Figure 1.

The hypothalamic-pituitary-adrenal axis. Inputs from the hypothalamic circadian rhythm generator in the suprachiasmatic nucleus (SCN) and neural stress pathways in the central nervous system (CNS) control the activity of the corticotrophin-releasing hormone (CRH) neuronal cell bodies in the paraventricular nucleus. These neurons are also capable of synthesizing arginine vasopressin (AVP), which can augment the pituitary response to CRH. CRH (and AVP) are released into the portal circulation in capillaries in the median eminence and drain onto the anterior pituitary where they stimulate the pituitary corticotrophs to release adrenocorticotropic hormone (ACTH). ACTH stimulates the zona fasciculata (ZF) and zona reticularis (ZR) via the MC2R (melanocortin 2 receptor, also known as the ACTH receptor).
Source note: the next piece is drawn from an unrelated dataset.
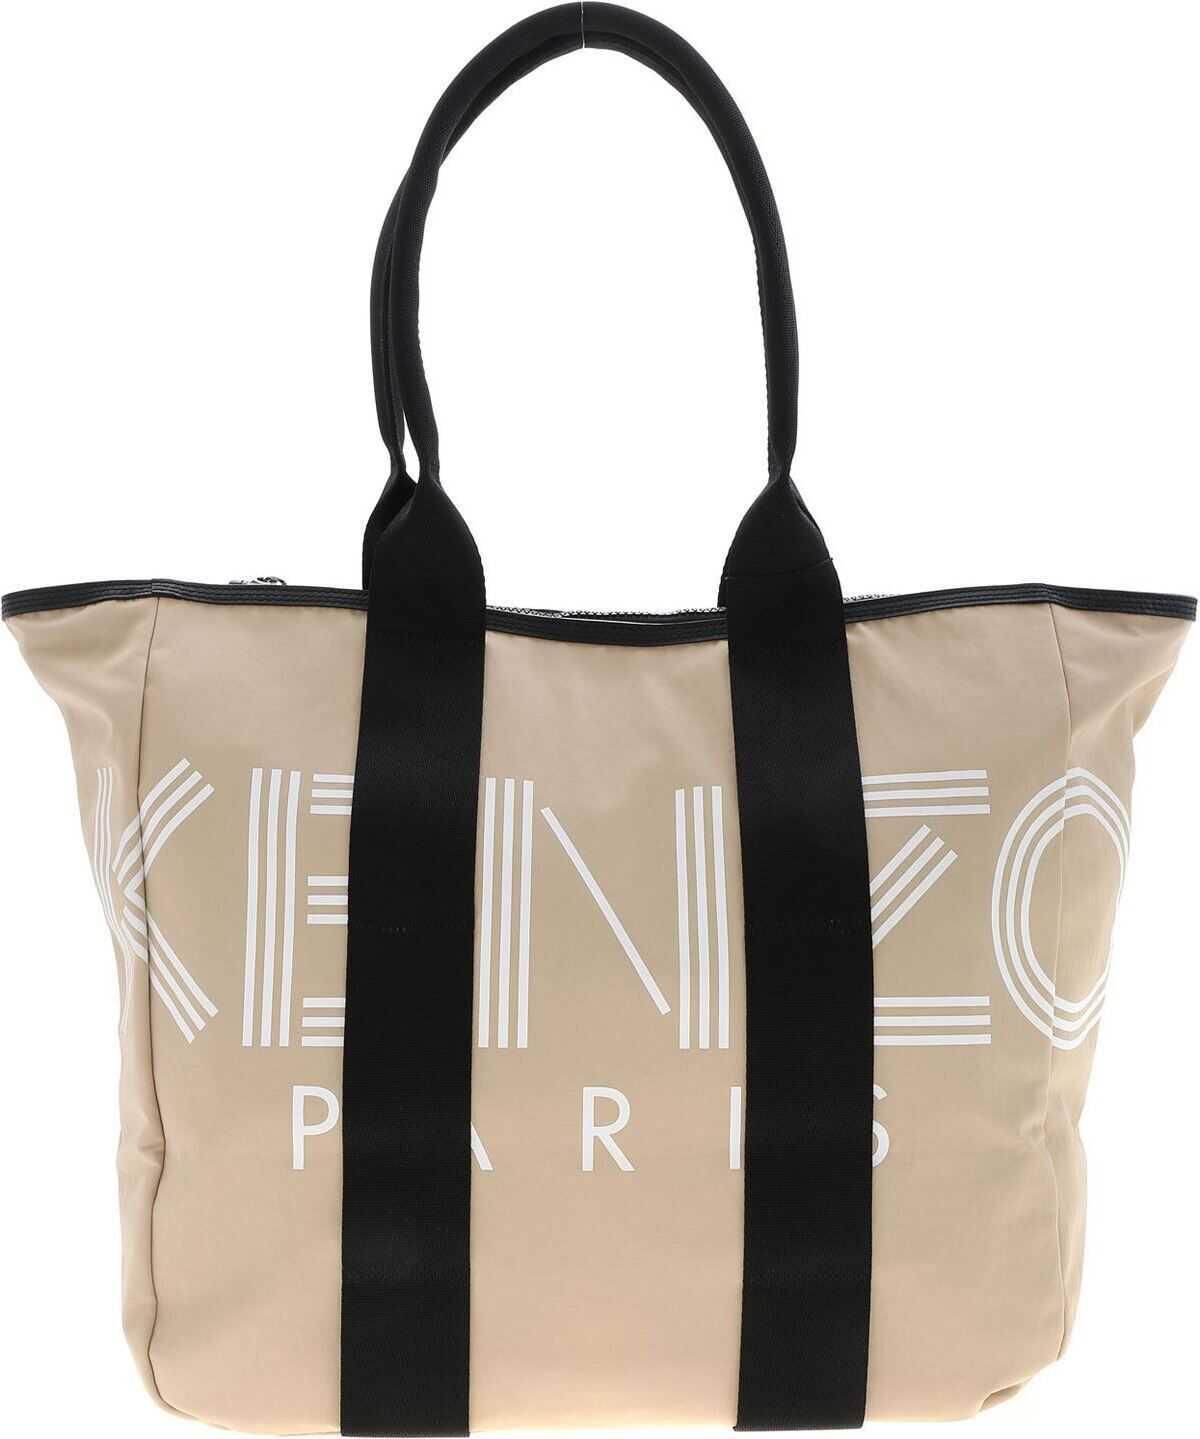 Kenzo Paris Tote Bag In Beige thumbnail

This G-protein coupled receptor increases intracellular cAMP release, which activates StAR-mediated cholesterol transport into the mitochondria (the rate-limiting step of steroidogenesis). Once cholesterol reaches the inner mitochondrial (Mito) membrane, it is acted on by the first steroidogenic enzyme, and then by subsequent sequential enzymes in the smooth endoplasmic reticulum (SER) and Mito with cortisol as an end product (see Fig. 12). Cortisol is released into the plasma compartment where it binds reversibly to corticosteroid-binding globulin (CBG; also known as cortisol-binding globulin). As CBG-bound plasma cortisol enters the capillaries in target tissue, it dissociates from CBG and diffuses into the target cell. In the pituitary and hypothalamus, negative feedback inhibition is exerted with the binding of cortisol to glucocorticoid (GR) and mineralocorticoid (MR) receptors.